Brown Rice with Chorizo and Egg


This is a jolly recipe from the Waitrose magazine.

Serves 2

1 tbsp olive oil
125g cooking chorizo sausage, chopped
8 cherry tomatoes, halved
1tsp hot smoked paprika, plus extra to serve
2 garlic cloves, crushed
250g pack steamed wholegrain rice
100g green beans, trimmed and halved
2tbsp chopped dill
2 eggs, soft boiled, peeled and halved
2 salad onions, trimmed and finely sliced.

Heat the oil in a saucepan over a medium heat. Cook the chorizo for 5 minutes, or until golden brown. Add the tomatoes, cook for 2 more minutes, then stir in the paprika and garlic. Cook until fragrant, about 1 minute.

Tip in the rice and beans, season with salt and add a splash of water.

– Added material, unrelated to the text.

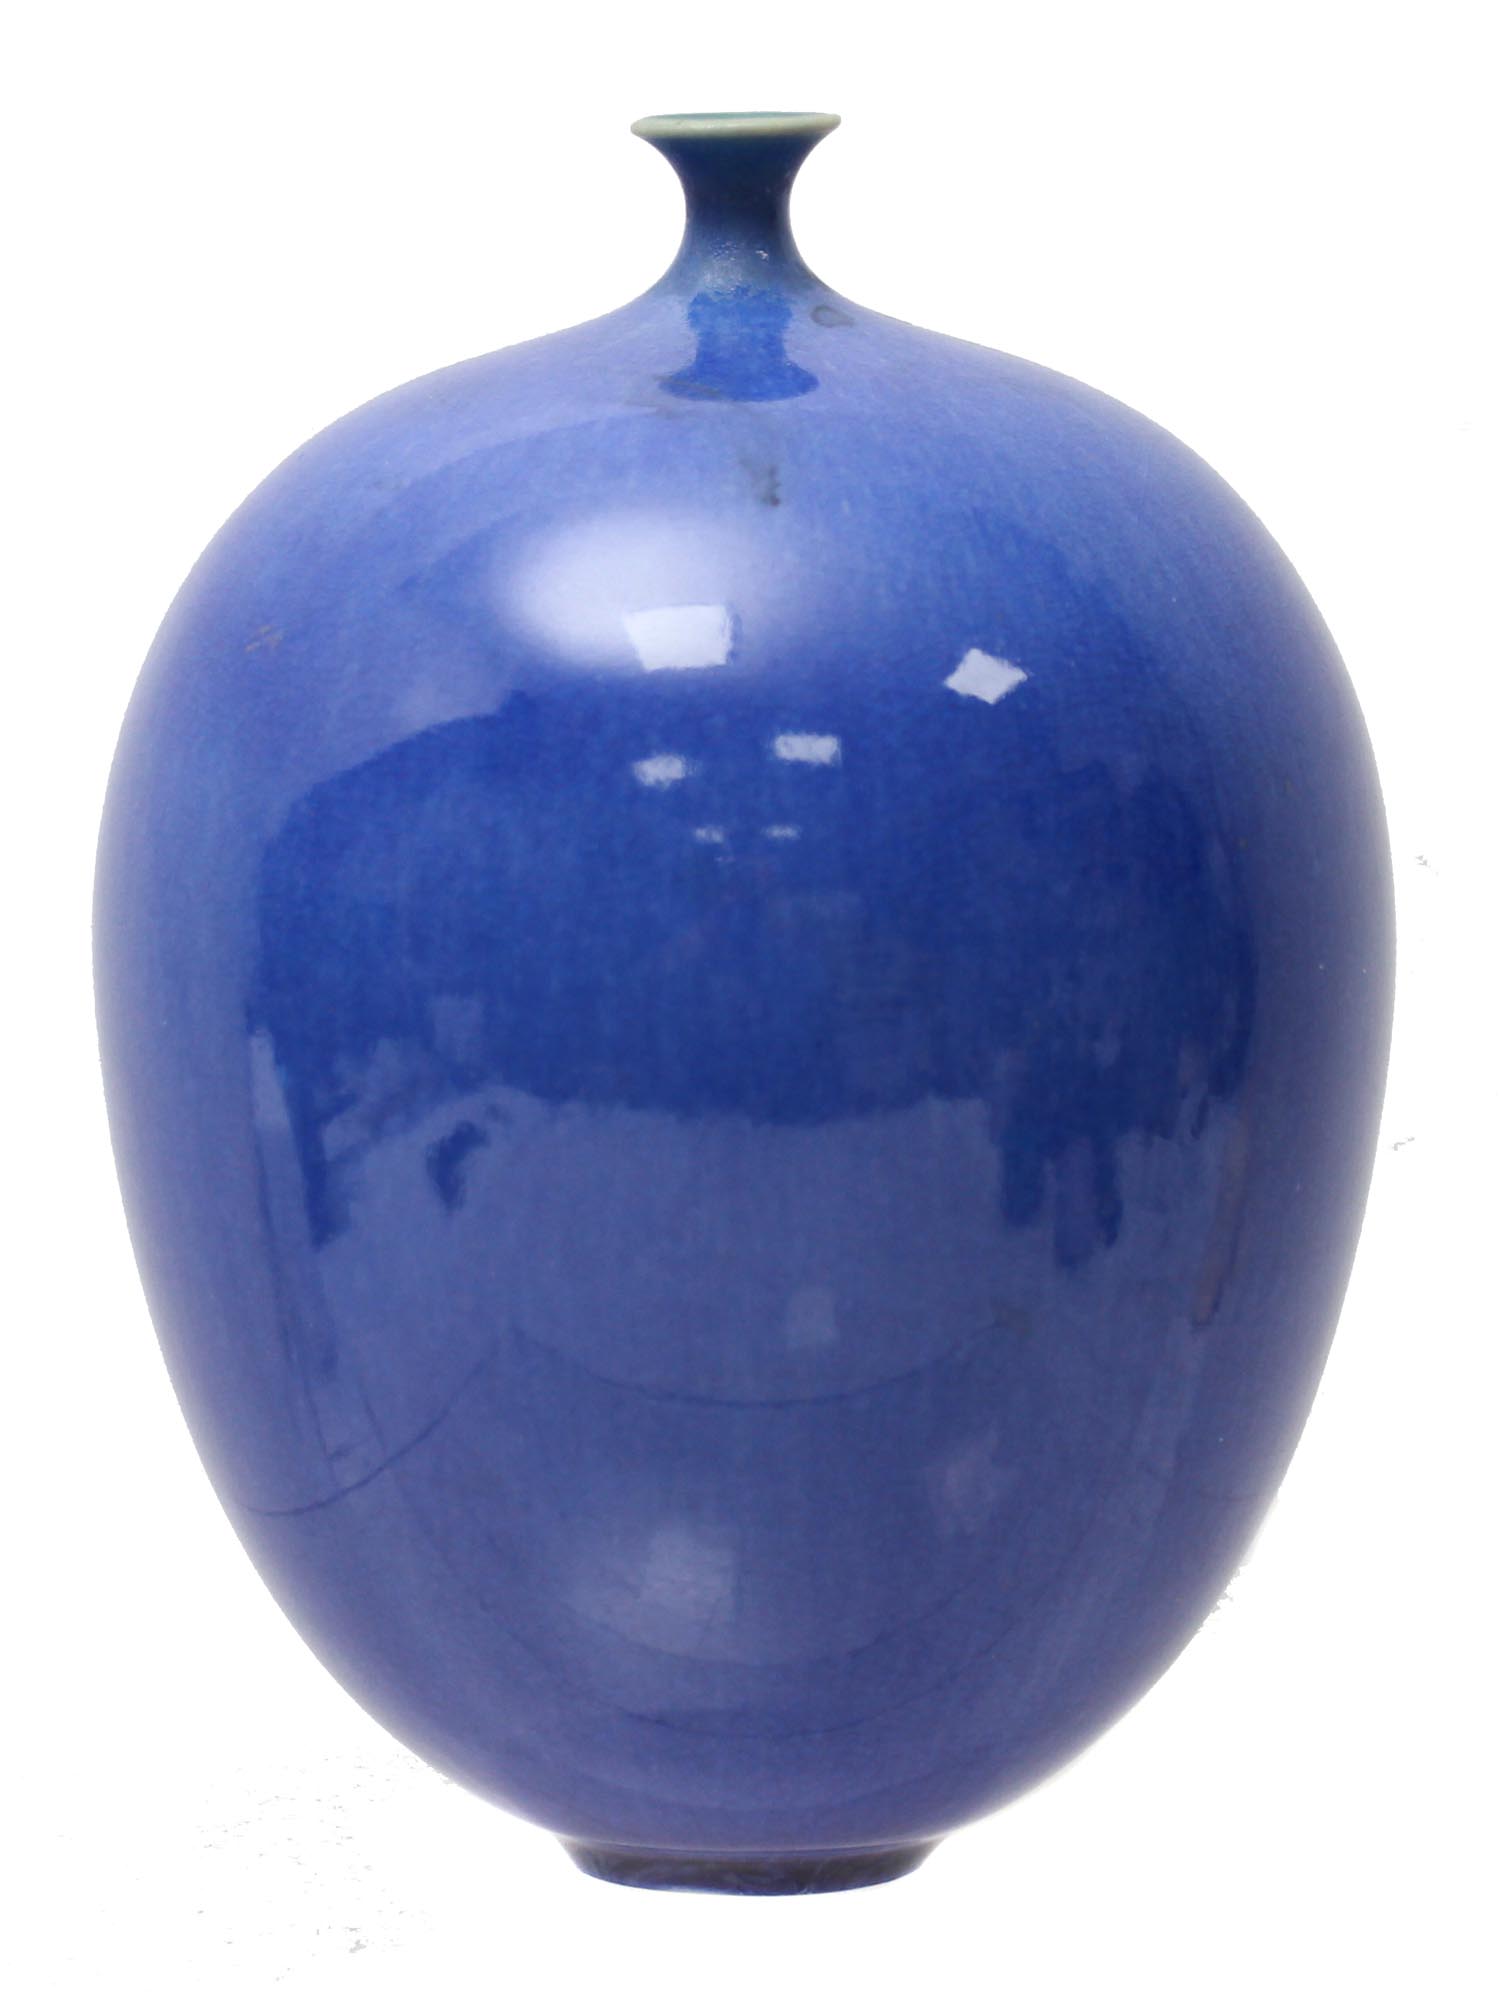 A CONTEMPORARY GLAZED ART POTTERY VASE BY IHRMAN PIC-1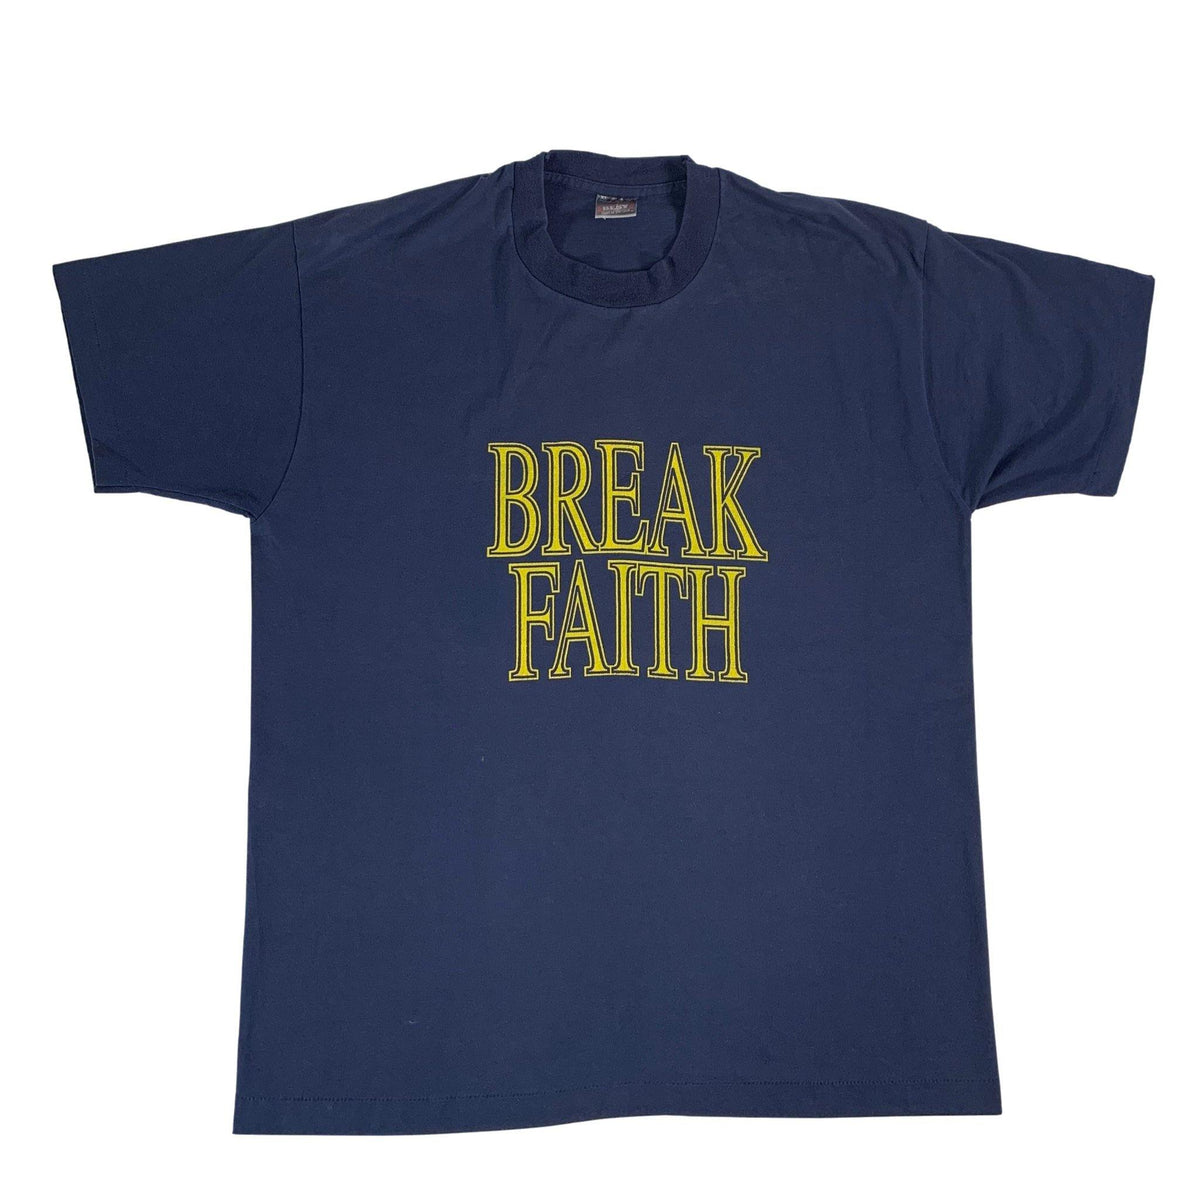 Vintage Break Faith &quot;From Where I Stand&quot; T-Shirt - jointcustodydc

Cover with a lid, turn to the lowest heat and cook for 5 minutes or until everything is warm and the beans are tender.

Fold the dill through the rice and divide between 2 plates. Top each with a halved boiled egg and scatter over the salad onions and a pinch of paprika before serving.

I hard-boiled the eggs because soft-boiled ones are a b*gger to peel, but you can do them any way you like.